EXERCISE AIM: All lines in the records below from the line with "Geologische Untergrundklassen in Deutschland" through the line with "JIS C 0364-7-701:2010封面图" are to be given again exactly, both ends included; the pictures are to be left out.

EXTRACTED INFORMATION:
--- --- ---
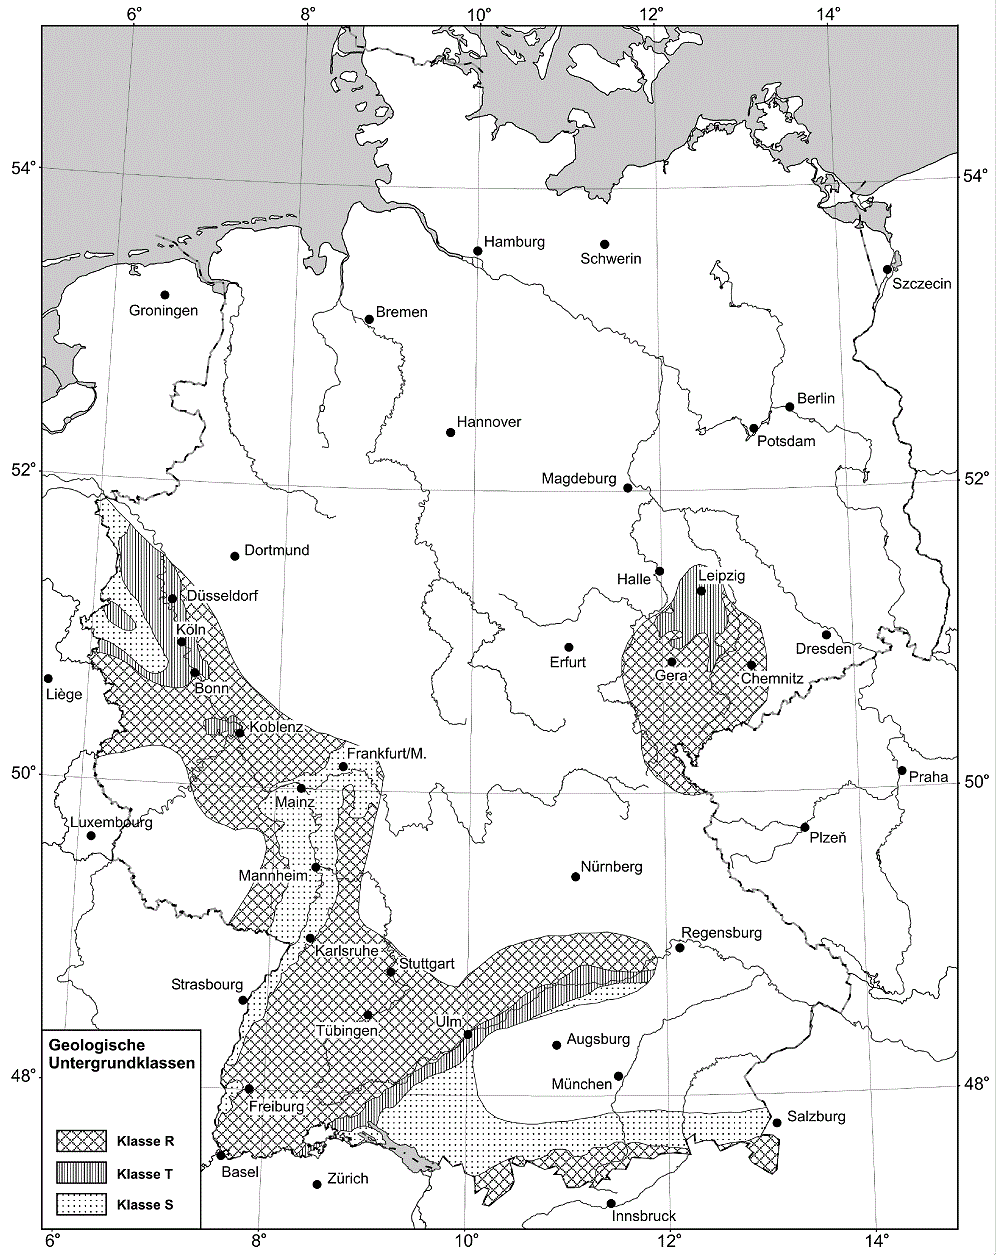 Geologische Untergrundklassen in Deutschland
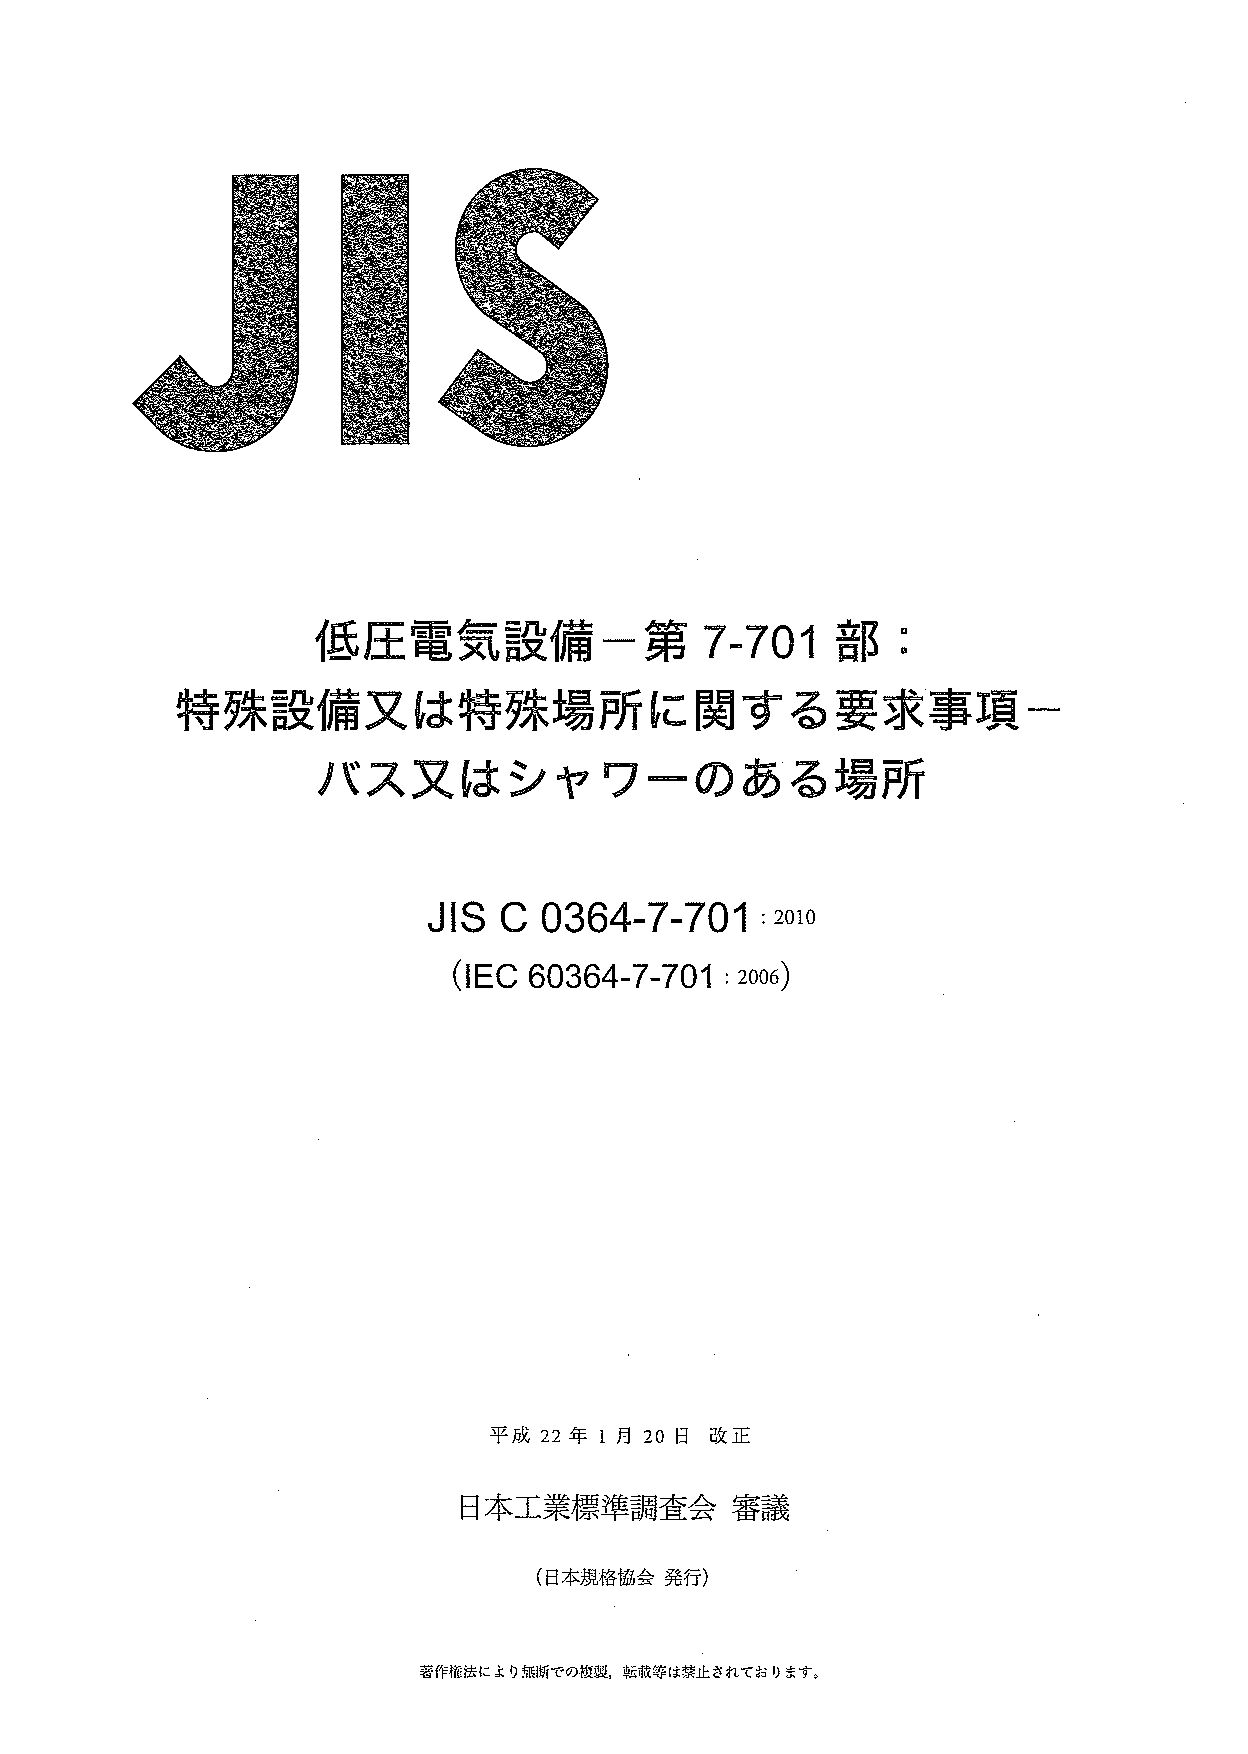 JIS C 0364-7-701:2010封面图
--- --- ---
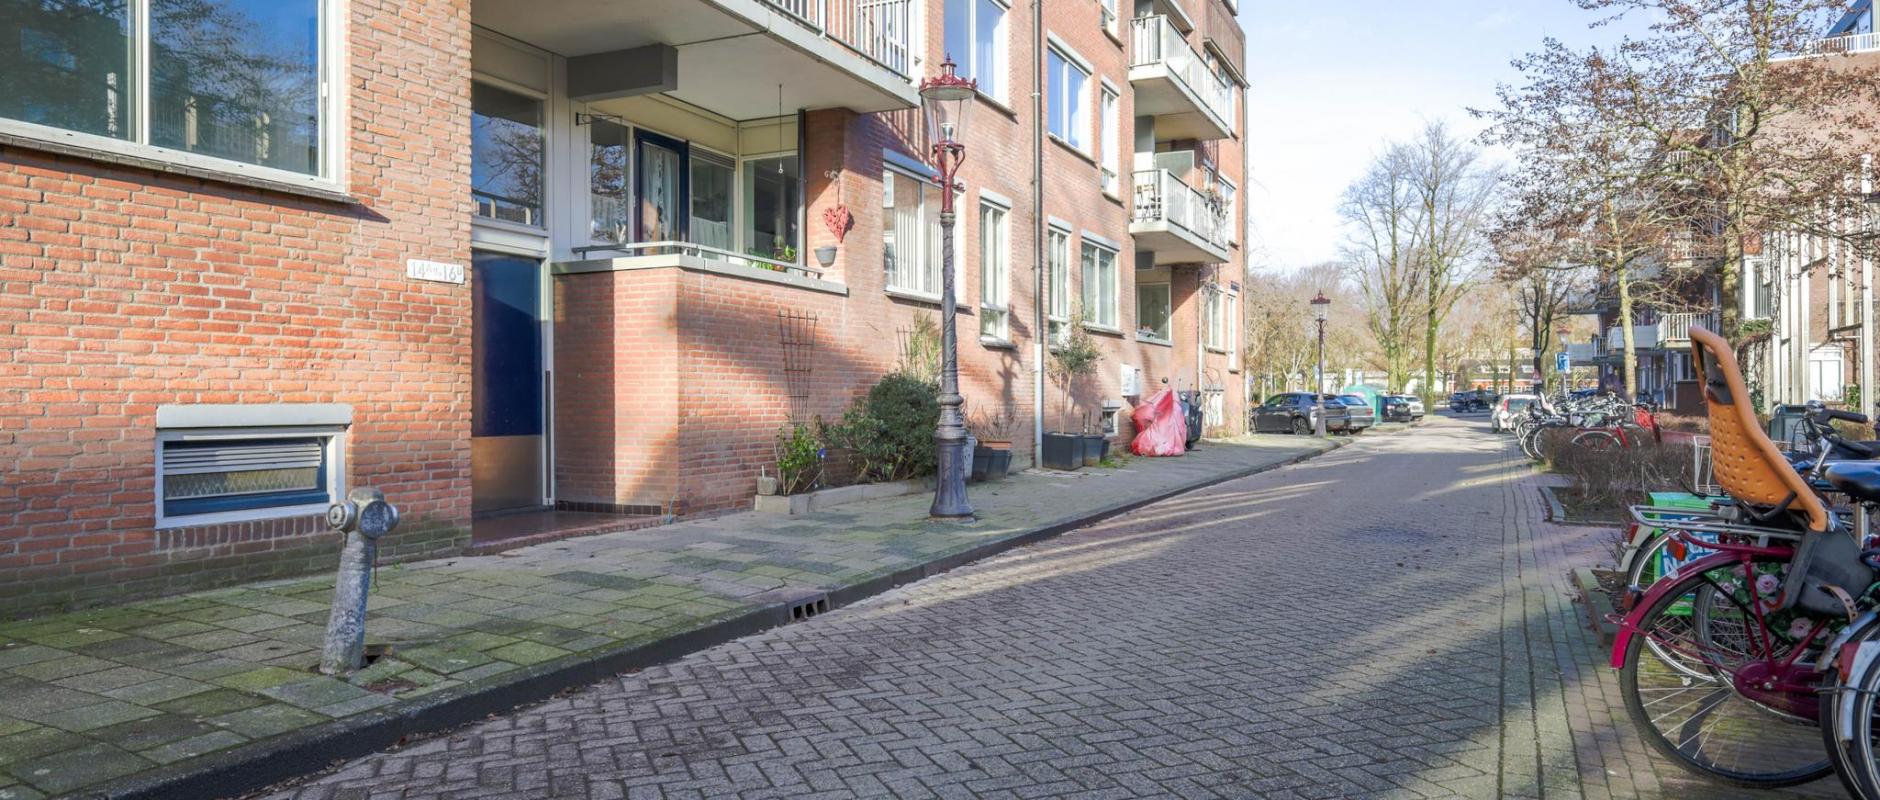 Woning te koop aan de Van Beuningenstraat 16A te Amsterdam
--- --- ---
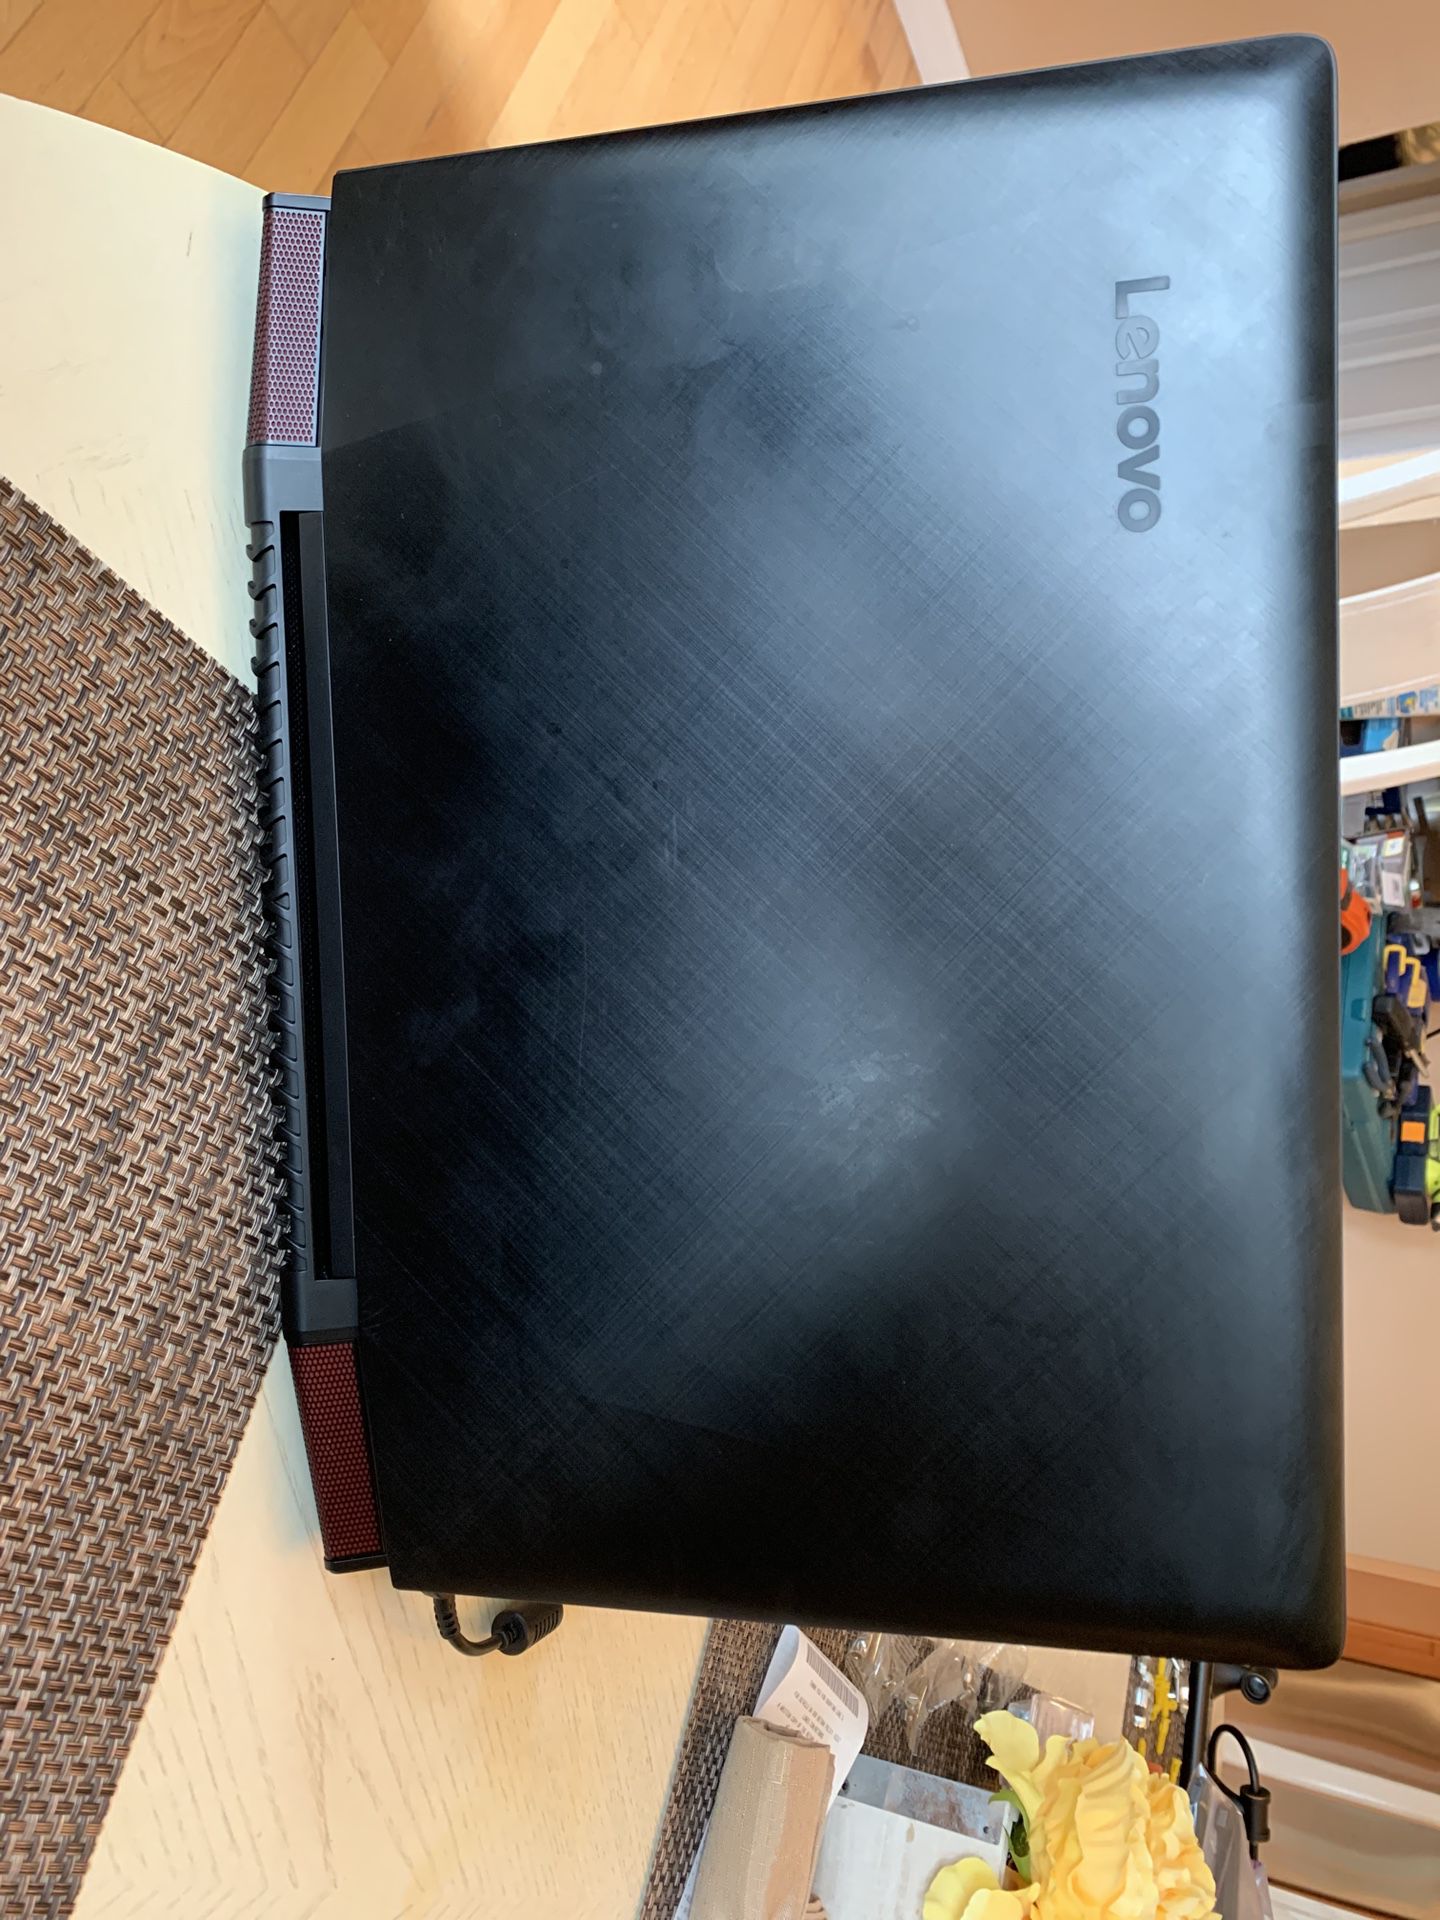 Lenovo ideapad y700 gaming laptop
--- --- ---
RESPONSE:
 Geologische Untergrundklassen in Deutschland
 JIS C 0364-7-701:2010封面图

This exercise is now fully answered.